**DATA SHOWN:**
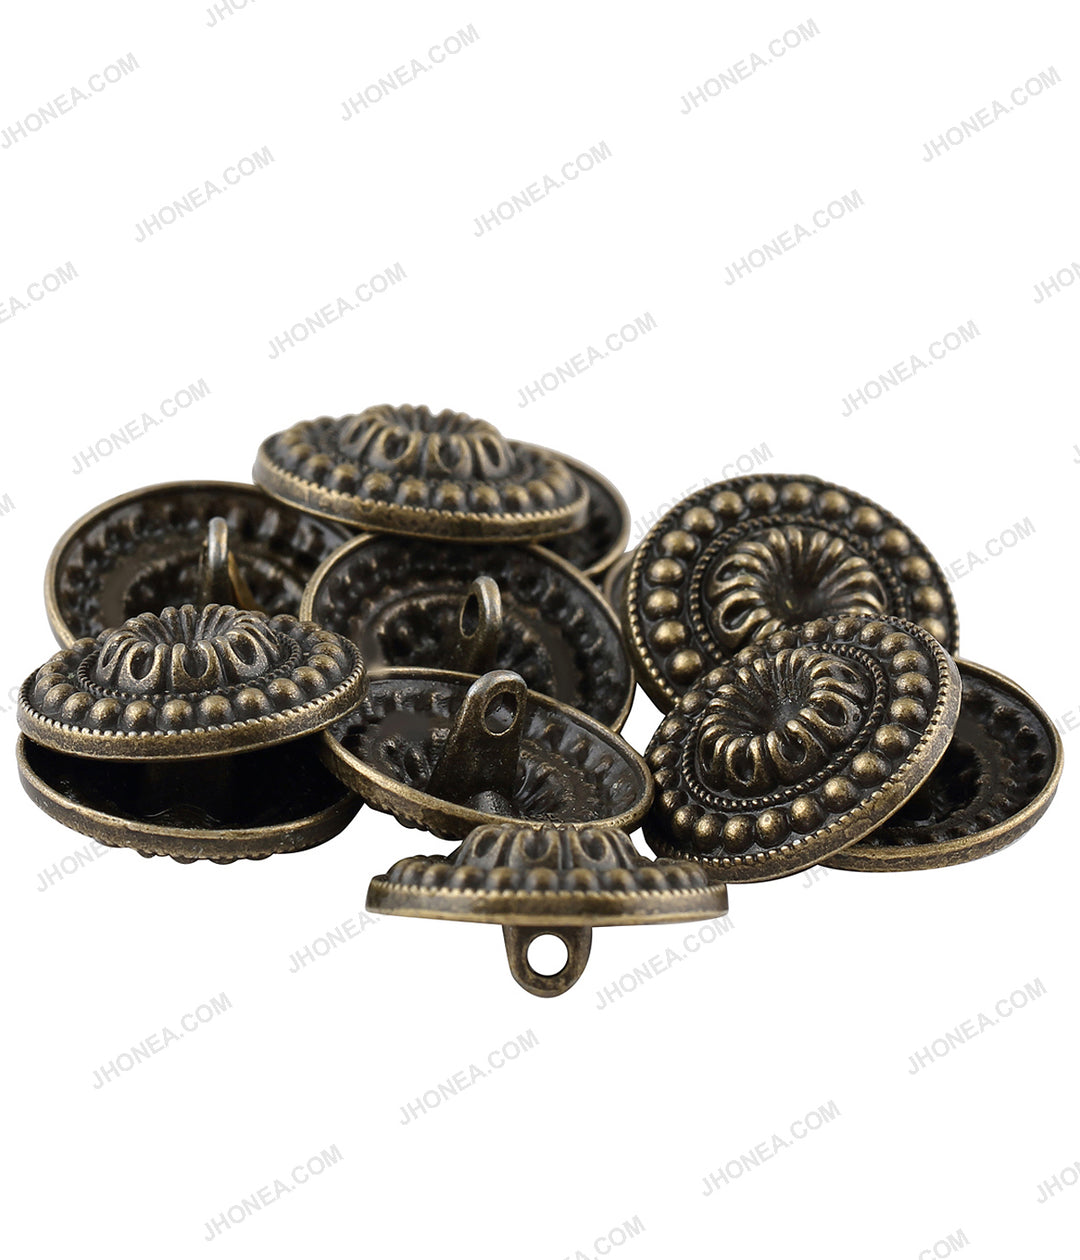 Antique Brass & Antique Gold Vintage Design Ethnic Buttons
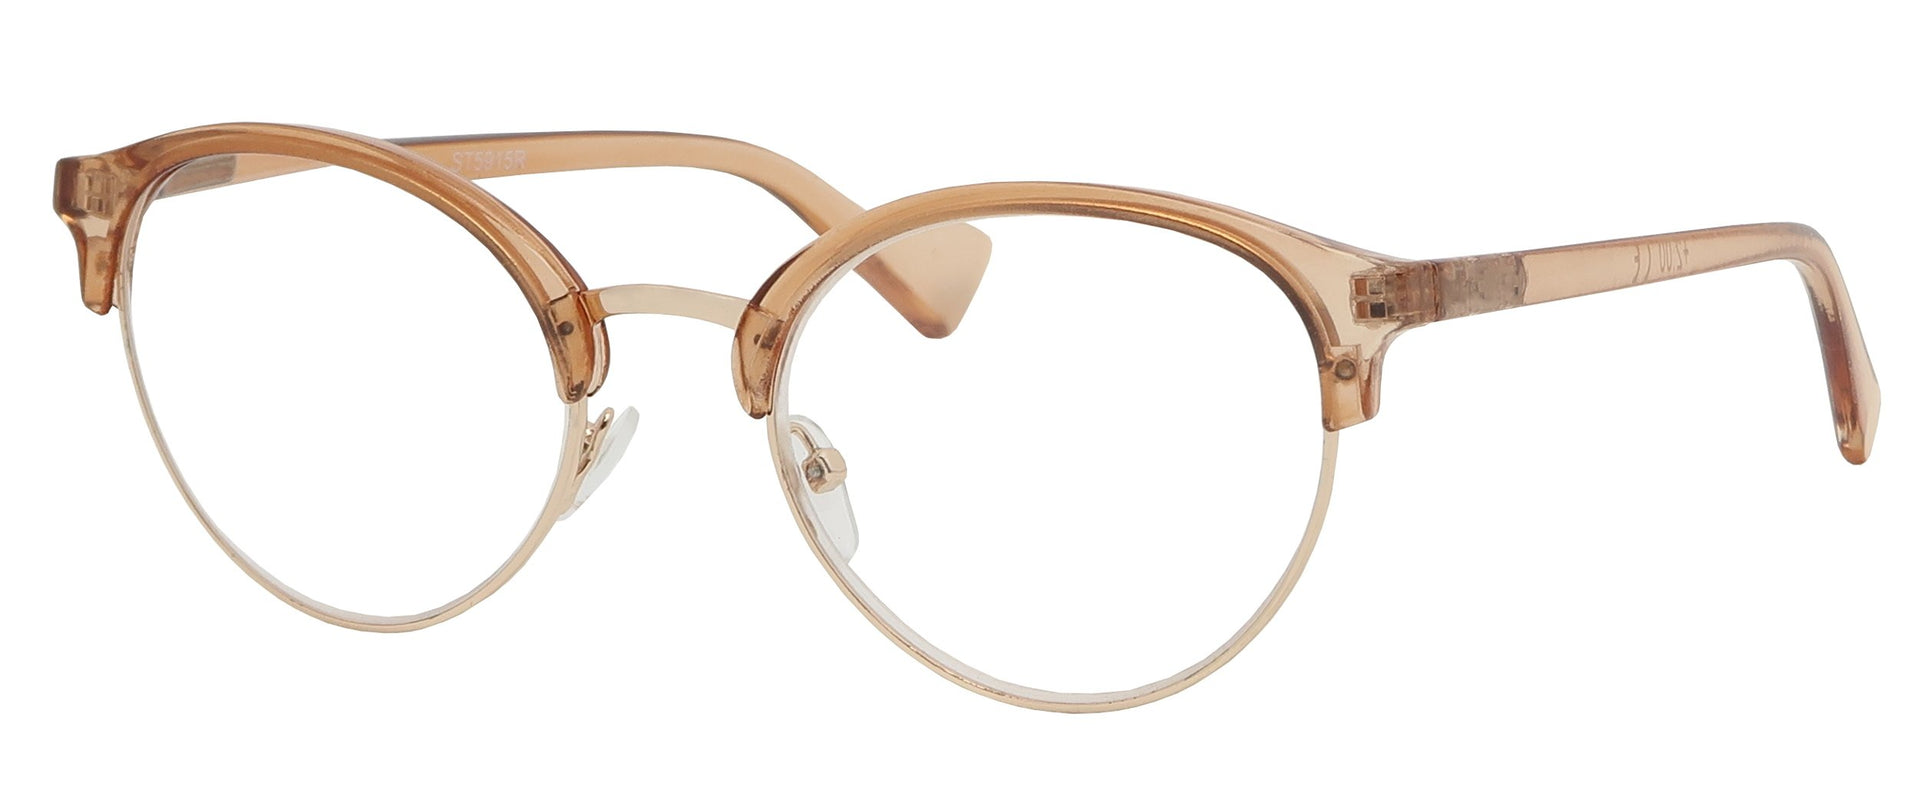 ST5915R - Wholesale Women's Translucent Browline Metal Reading Glasses in Orange
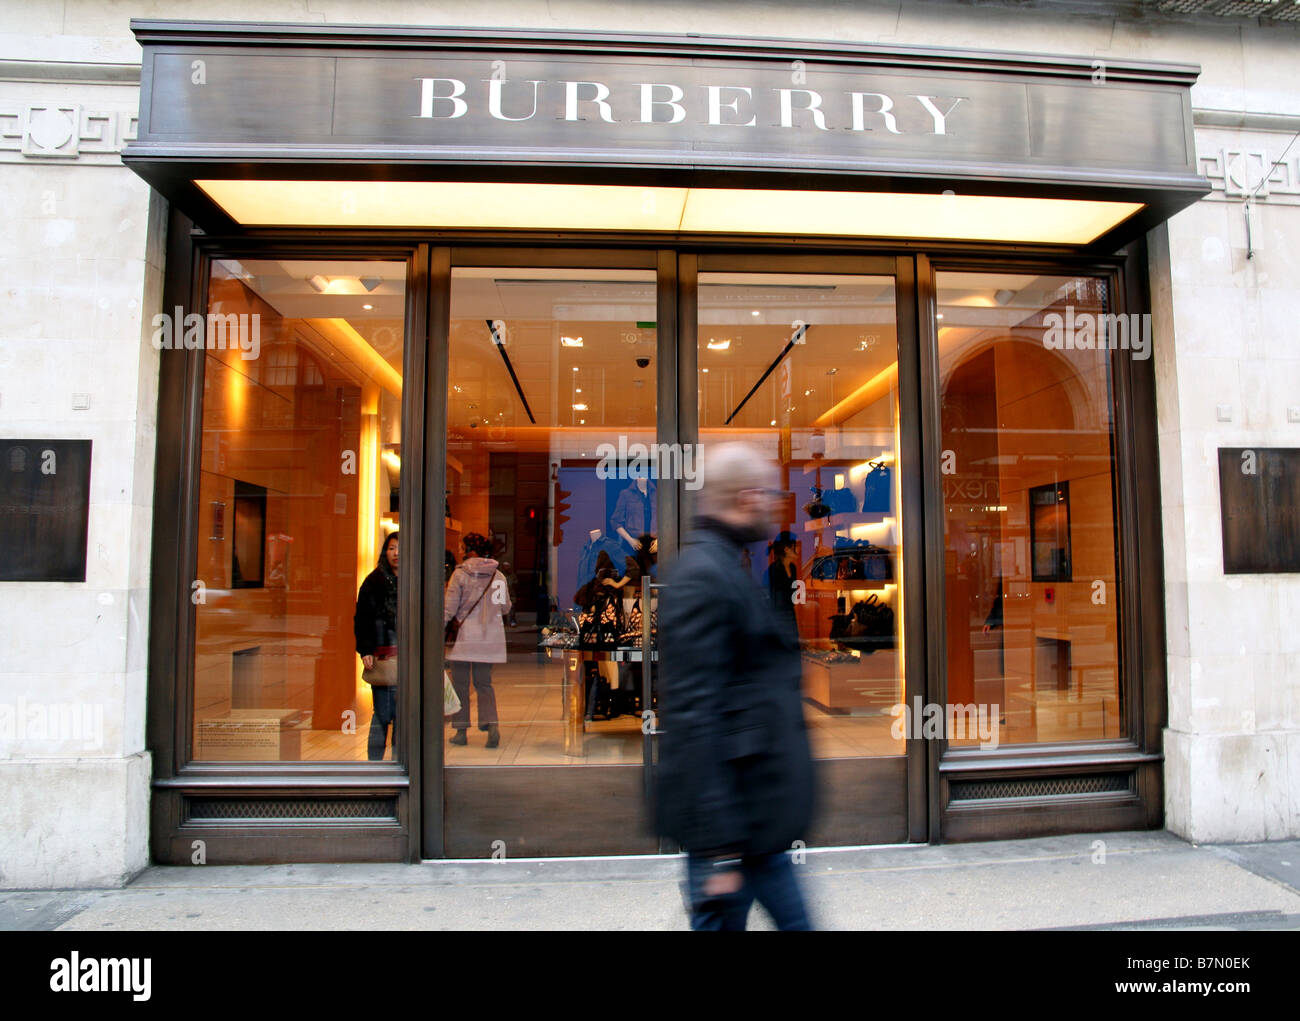 Burberry store in Regent Street, London Stock Photo - Alamy

**REQUIRED ACTION:** If a line holds a picture, skip the picture and transcribe the rest of the material exactly.

**SOLUTION FOR THIS TASK:**
 Antique Brass & Antique Gold Vintage Design Ethnic Buttons
 ST5915R - Wholesale Women's Translucent Browline Metal Reading Glasses in Orange
 Burberry store in Regent Street, London Stock Photo - Alamy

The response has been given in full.